### TASK DESCRIPTION
Please print the full listing below exactly, but not the pictures in it.
*** Opening of DATA SEGMENT ***
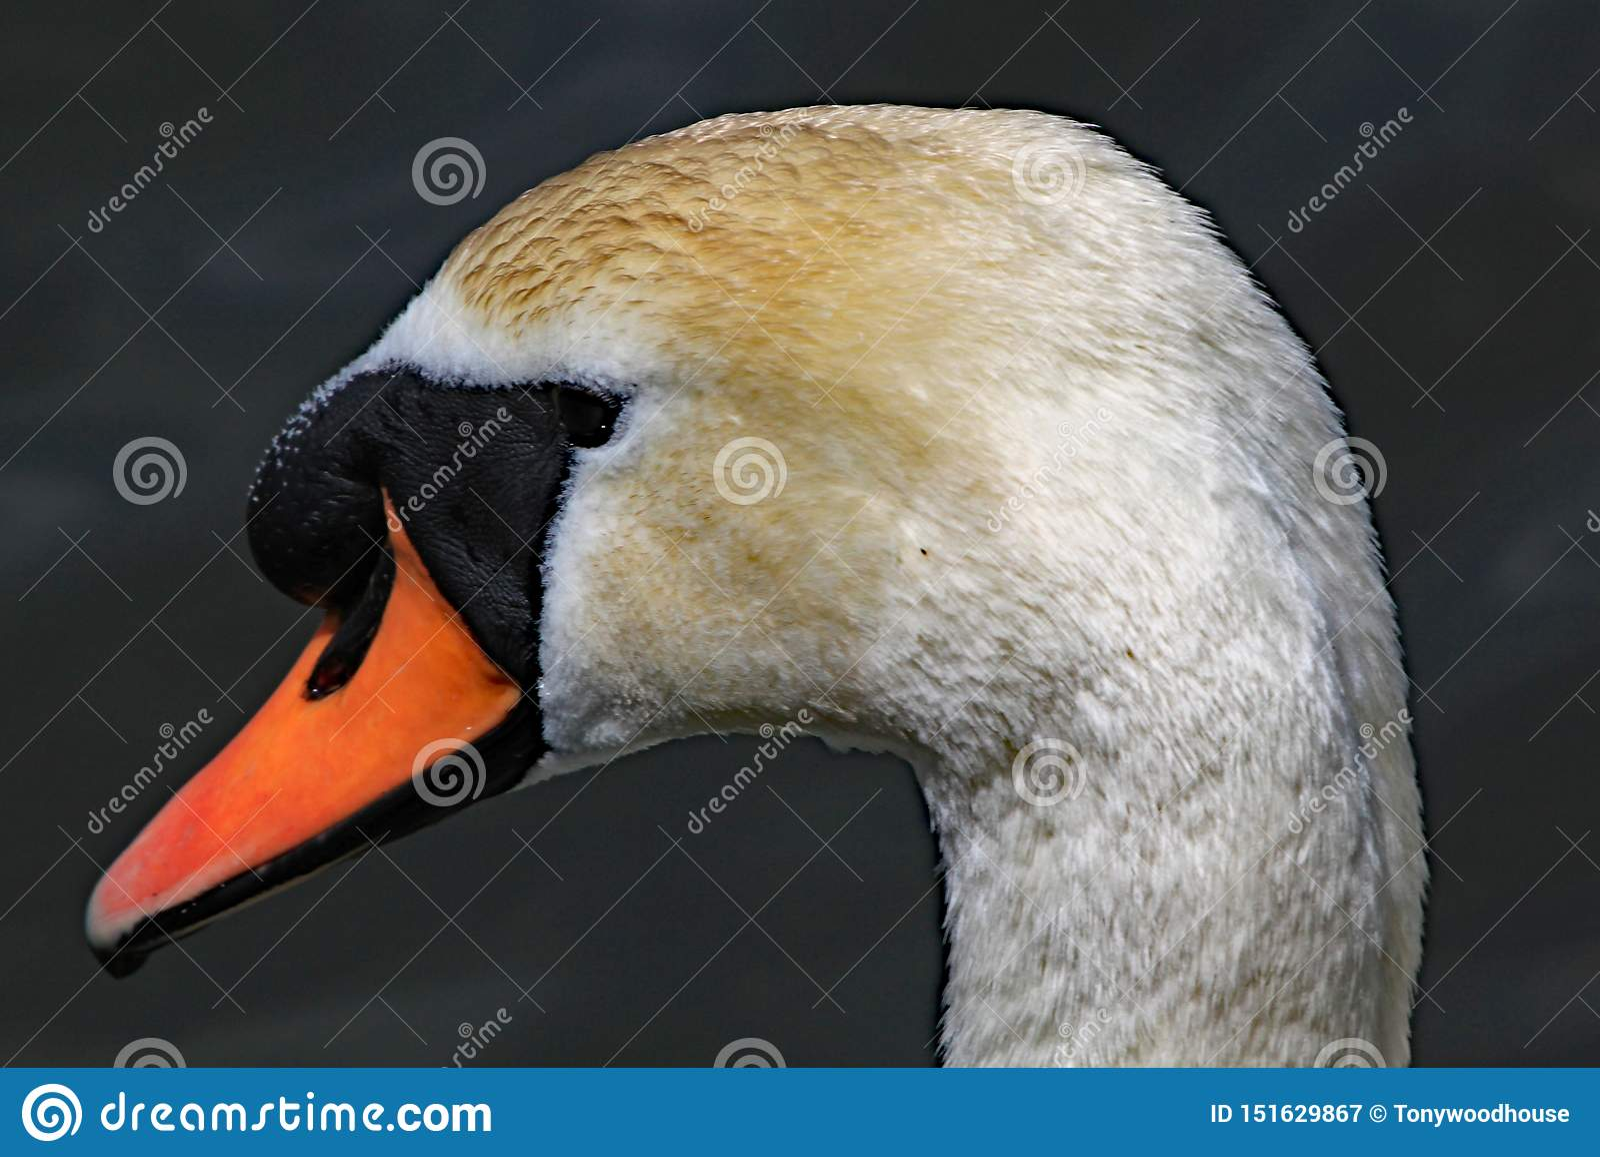 Nära övre profil av stum svans huvud
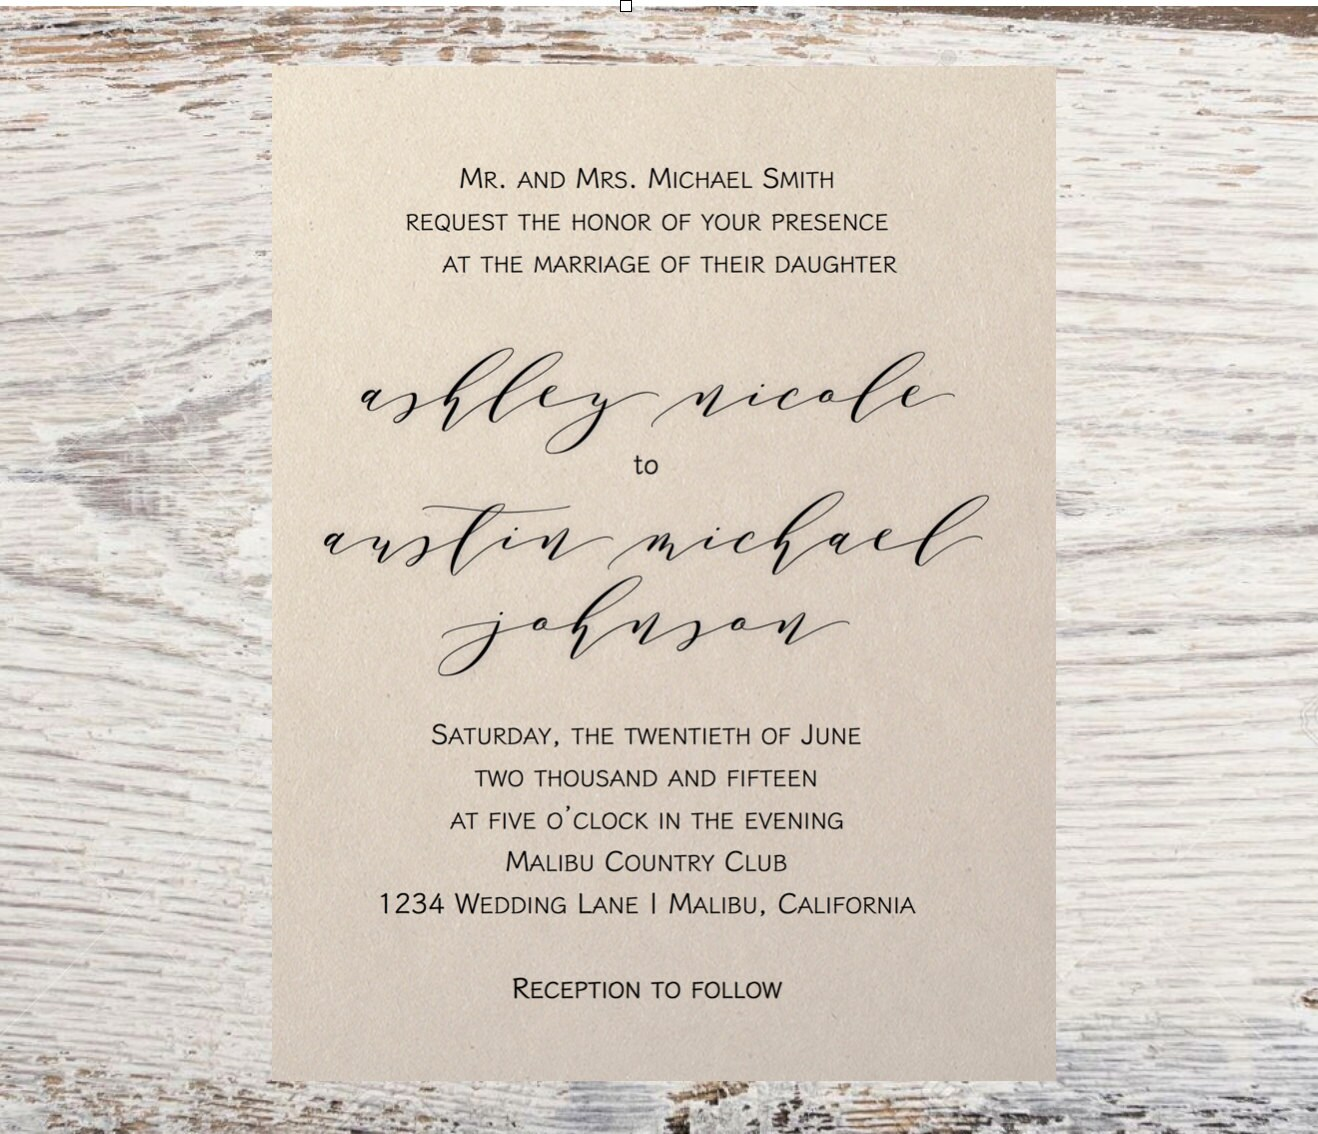 Wedding Invitation - Simple Wedding Invitation - Simple & Timeless ...
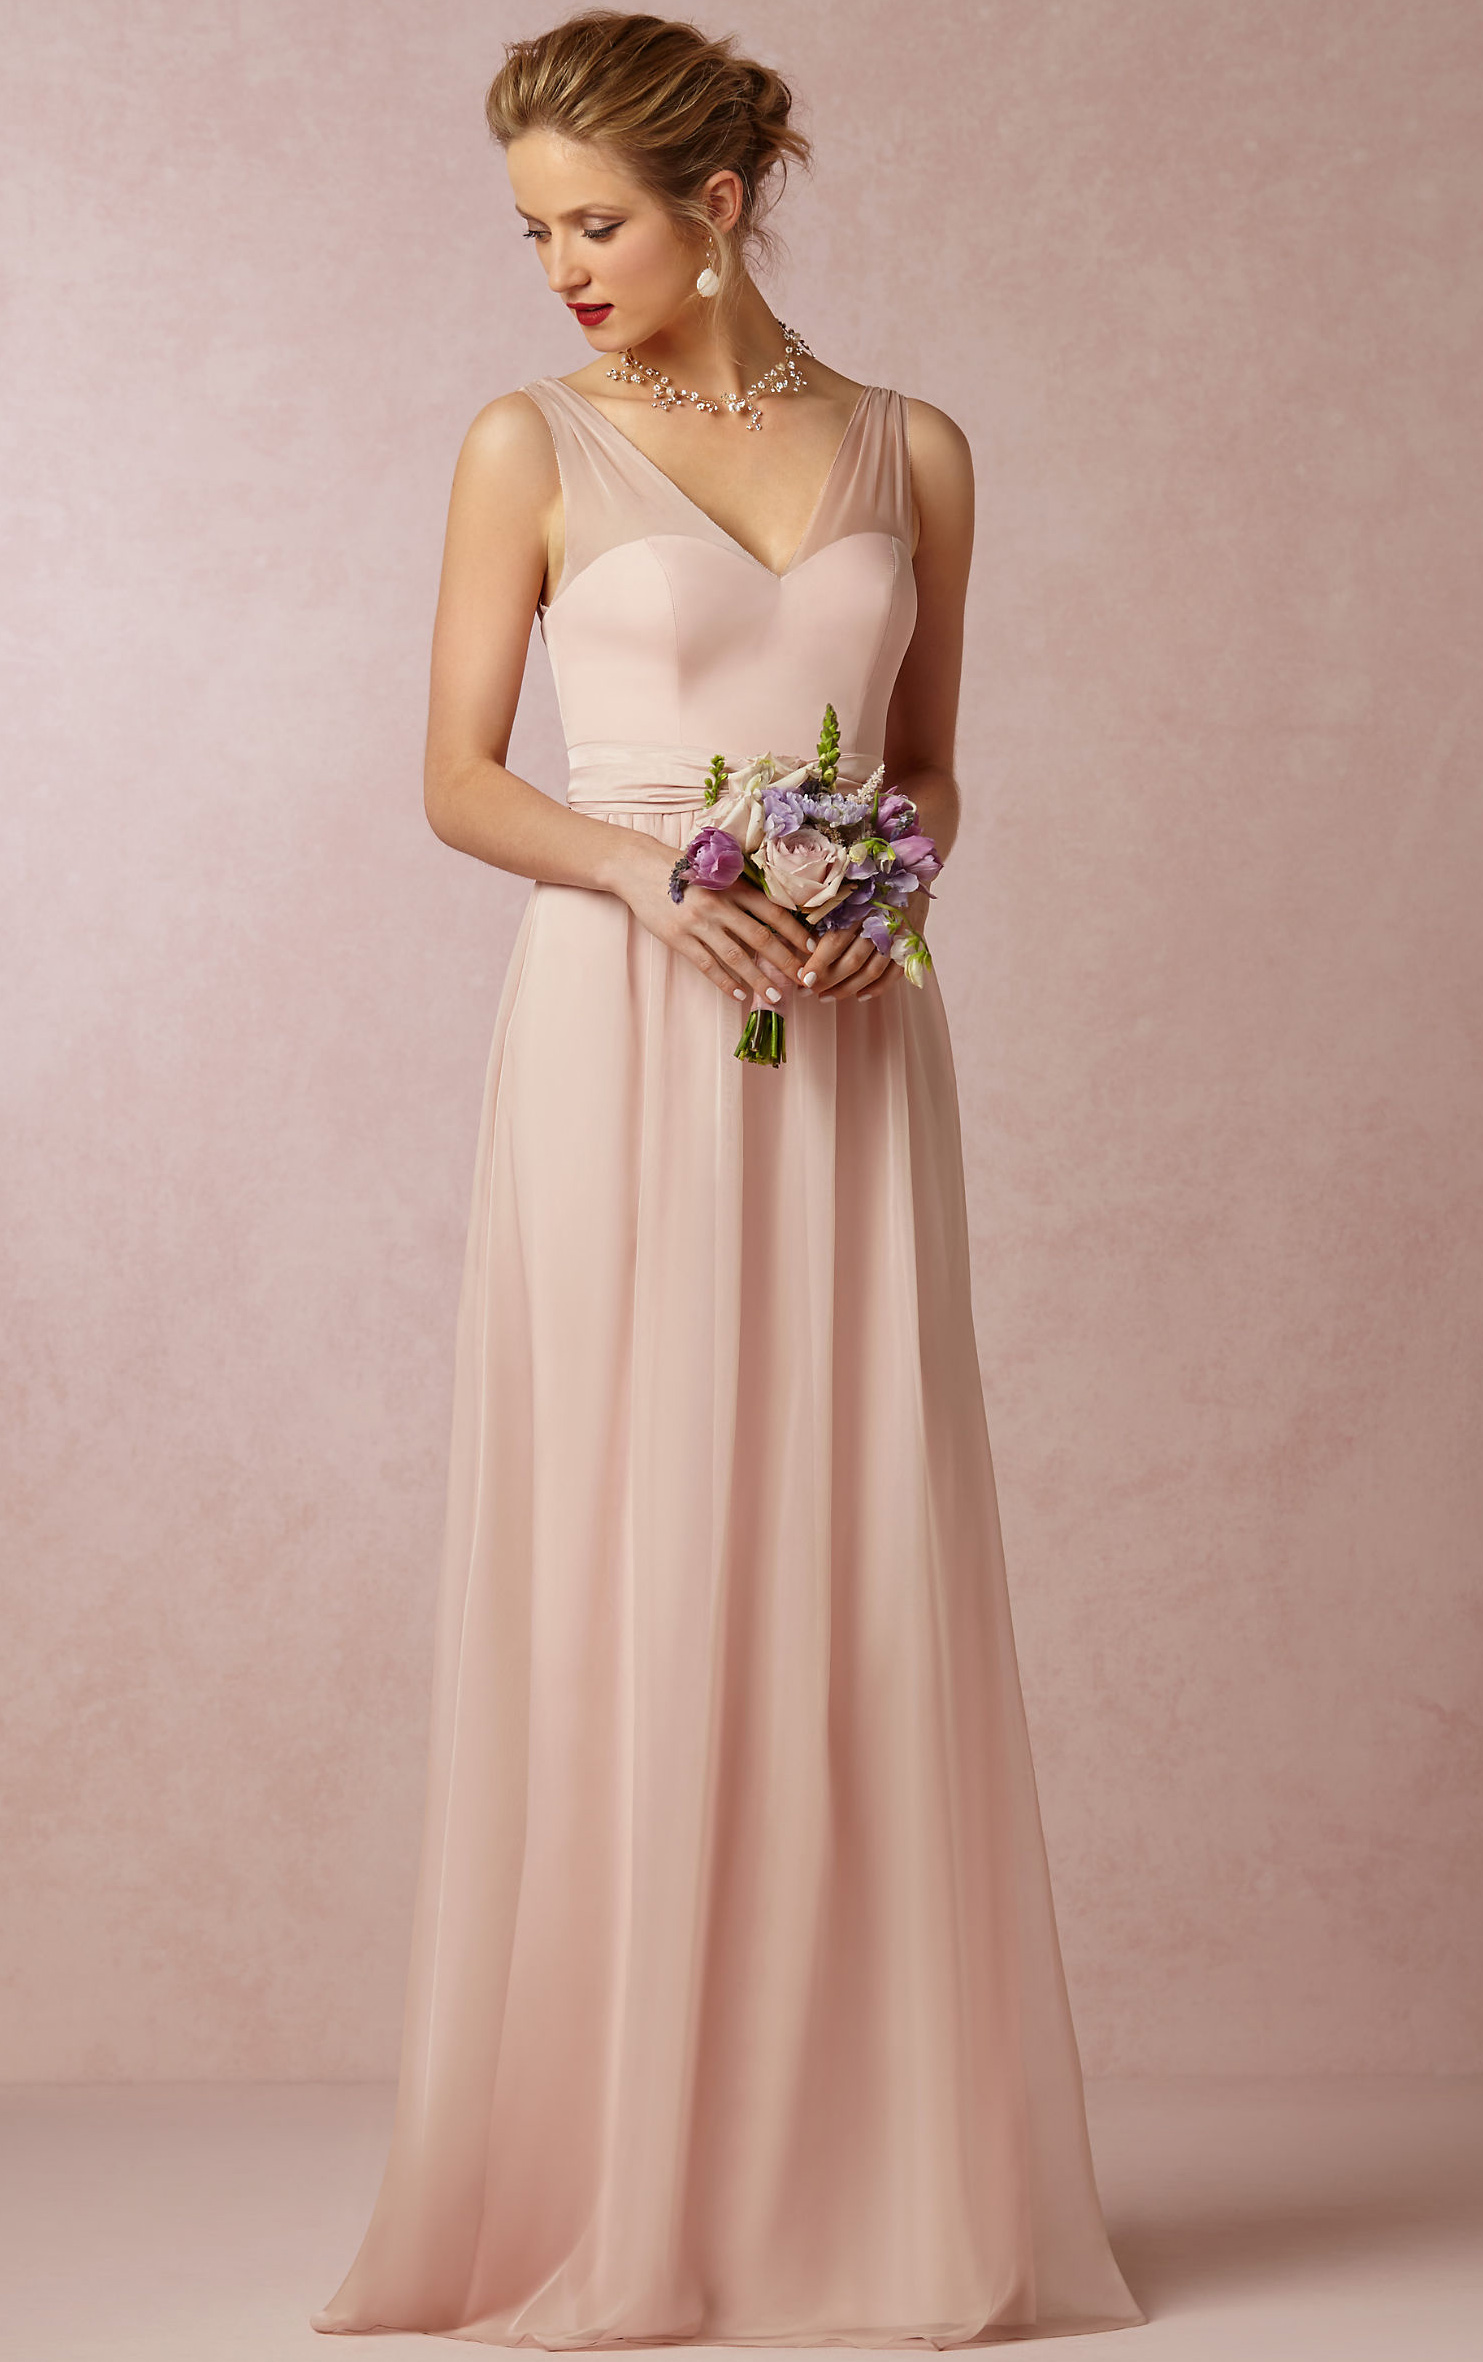 Pink And White Bridesmaid Dresses Uk - Junoir Bridesmaid Dresses
*** Close of DATA SEGMENT ***
### RESULT OF THIS TASK
 Nära övre profil av stum svans huvud
 Wedding Invitation - Simple Wedding Invitation - Simple & Timeless ...
 Pink And White Bridesmaid Dresses Uk - Junoir Bridesmaid Dresses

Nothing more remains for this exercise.